By stating up front that someone "committed serious misconduct" he's already prejudged them. I cannot think of a single instance of someone who "committed serious misconduct" that did not also fit within some form of criminal activity under the UCMJ. If a commander thinks that courts-martial are only for the guilty then we don't need commanders deciding on who goes to courts-martial.
But...many of the rest of his arguments have validity. I'm all for letting sexual assaults be sorted out by someone other than the commander. Too many cases with limited evidence are handled at non-judicial punishment and ruin careers via a tool that limits individual rights and reduces the government's responsibilities. Likewise, I firmly believe that any sort of reform to the judicial system will simply show that commanders have been, for the most part, properly and fairly handling cases that made it to court-martial. Finally, when the reformed system shows itself to be as incapable, or probably less capable, of handling military sex assault cases the idea of commander centric military justice will be vindicated.
But, first and foremost, the commanders need to understand the law, their own obligations therein, and act with a sense of justice and not just one of punishment. If we could get that in any sort of reform then we'd be a long way towards being better.

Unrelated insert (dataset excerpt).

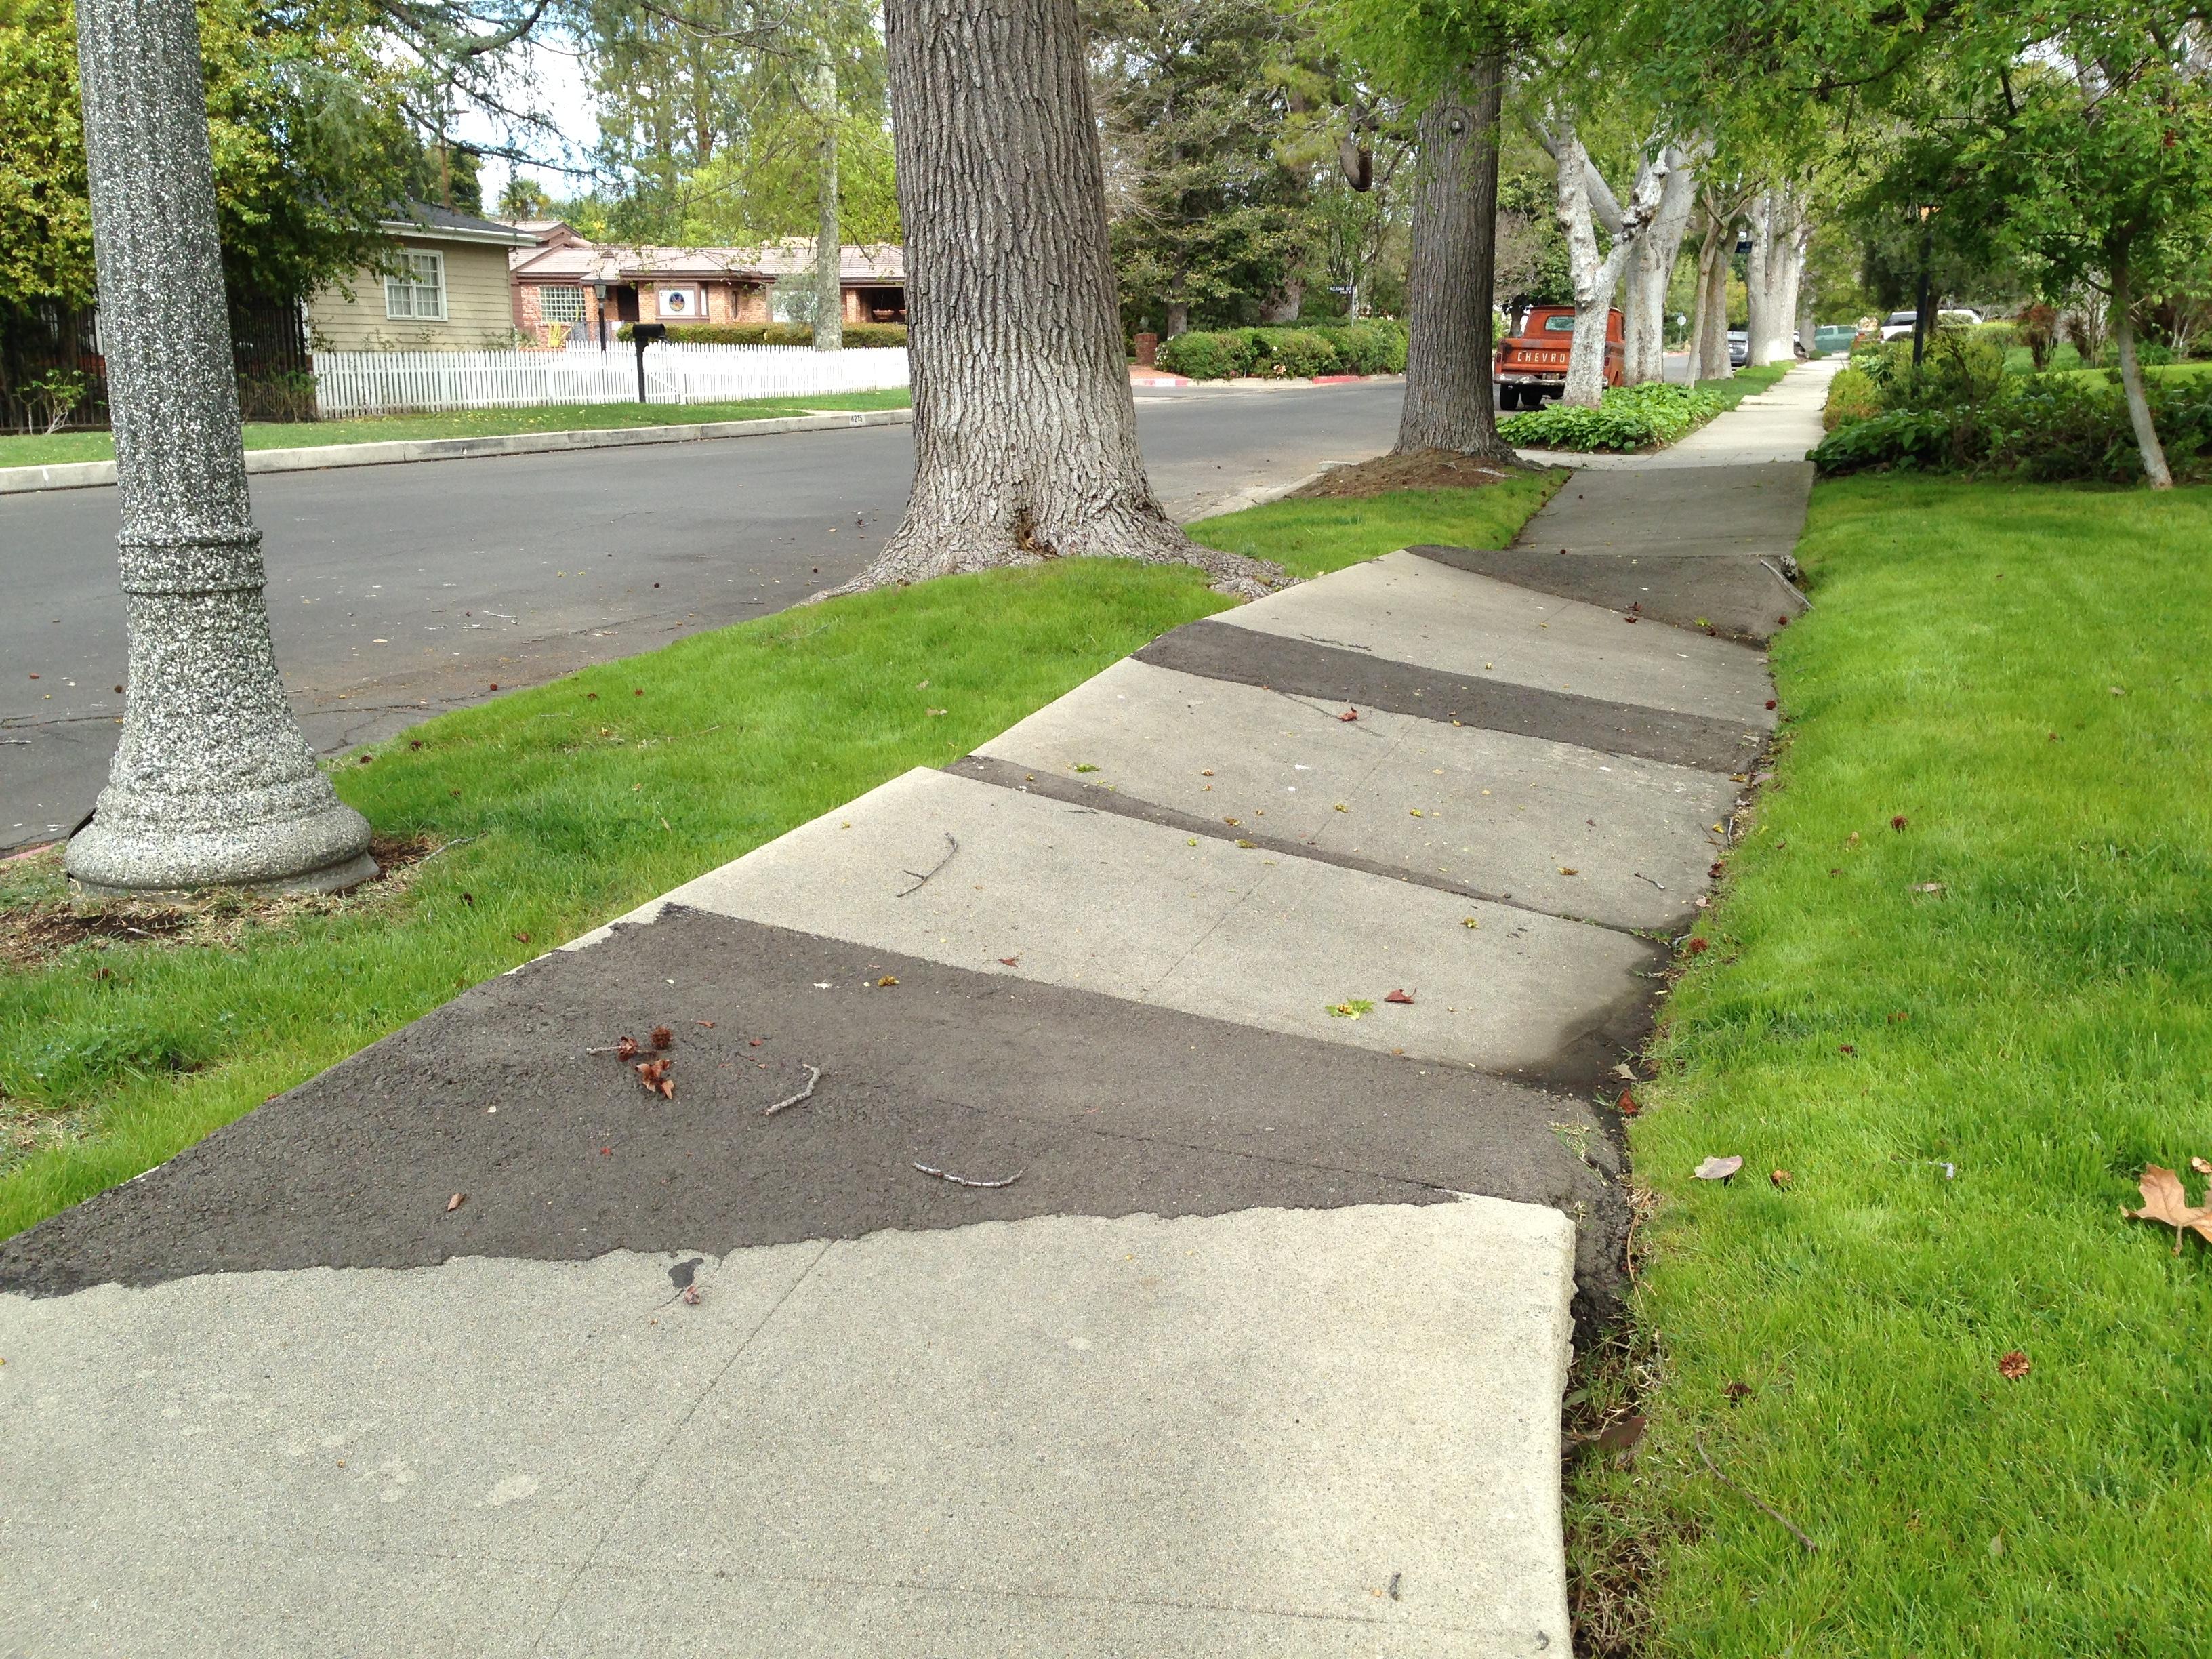 Sidewalk_(2).JPG

Captain Junge, my friend, I am with you until your fourth graf. A person can't learn the law in a few hours. This is why we commission judge advocates who have (3-year) J.D.s, send them to school at C'ville, NPT, Montgomery for extended full-time instruction, and then pay for their year-long full-time LL.M.s. As for commanders understanding the law, experience teaches that too often they do not or understand it only superficially. What can one say after reading cases like the ones in which a Navy (sorry) O-6 was allowed to sit on a court even though she did not indulge the presumption of innocence, or a Coast Guard O-9 (!) was unaware of the statutory criteria for selecting court members? And why assume, as you seem to, that a system in which the disposition of serious offenses is in the hands of senior judge advocates outside the chain of command will crash and burn? What is the basis for your belief? Why so fatalistic?
ReplyDelete...so couple caveats(?)...
ReplyDelete"Commanders need to understand the law" does not mean they need to be lawyers. They must however, understand the law better than we've seen in order to properly ask for and receive advice from their lawyers.

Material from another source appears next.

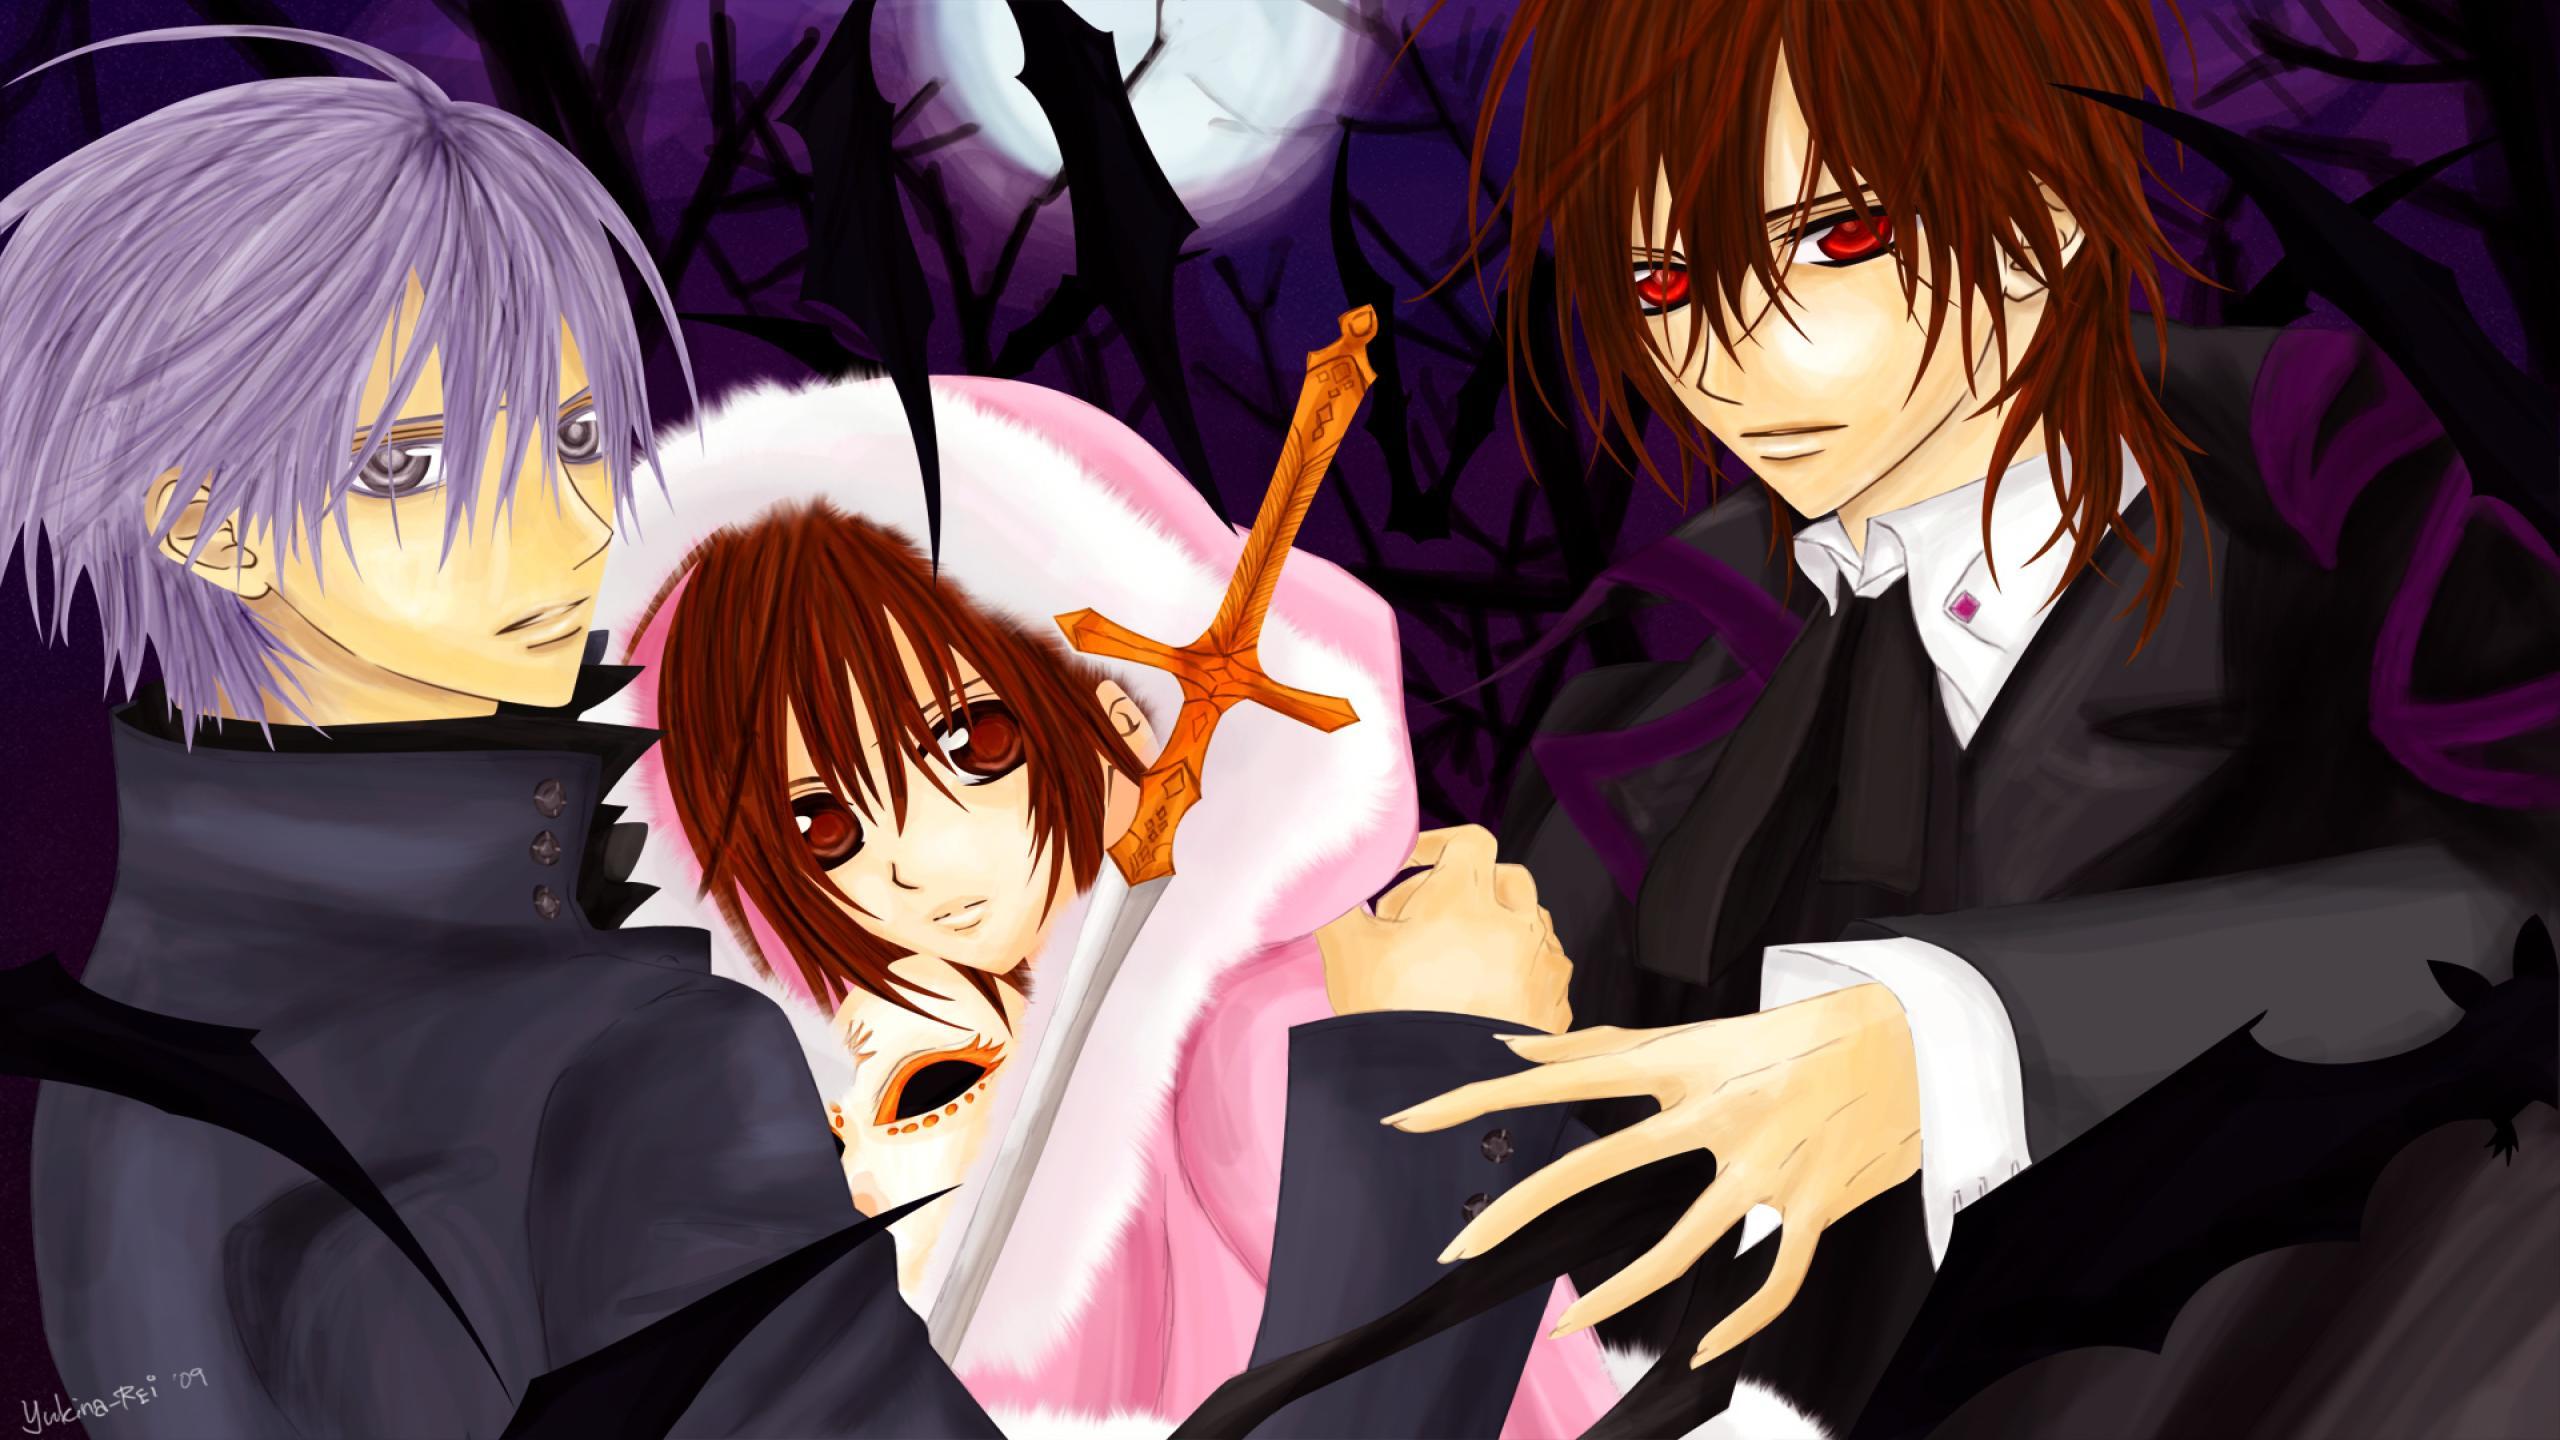 Anime hd wallpaper 2560x1440 wallpapersafari - Wallpaper vampire anime ...

Your follow on comments about not indulging the presumption of innocence and so on are applicable to my belief and contention.
As for why I believe the system outside the chain of command will crash and burn? It has nothing to do with anyone placed in charge of it and everything to do with the expectations placed upon the system. Today's populace wants to desperately believe each and every victim and do right by each and every victim. I understand that. However, our judicial system is not set up that way. To use a fraught and political example - much of the populace wanted Brett Kavanaugh convicted of an assault that could neither be proven or even his presence corroborated.
For all my criticisms and recognition of abuses, I think our military justice system as designed is good. It could be better but the "better" comes via education not from changing the system itself.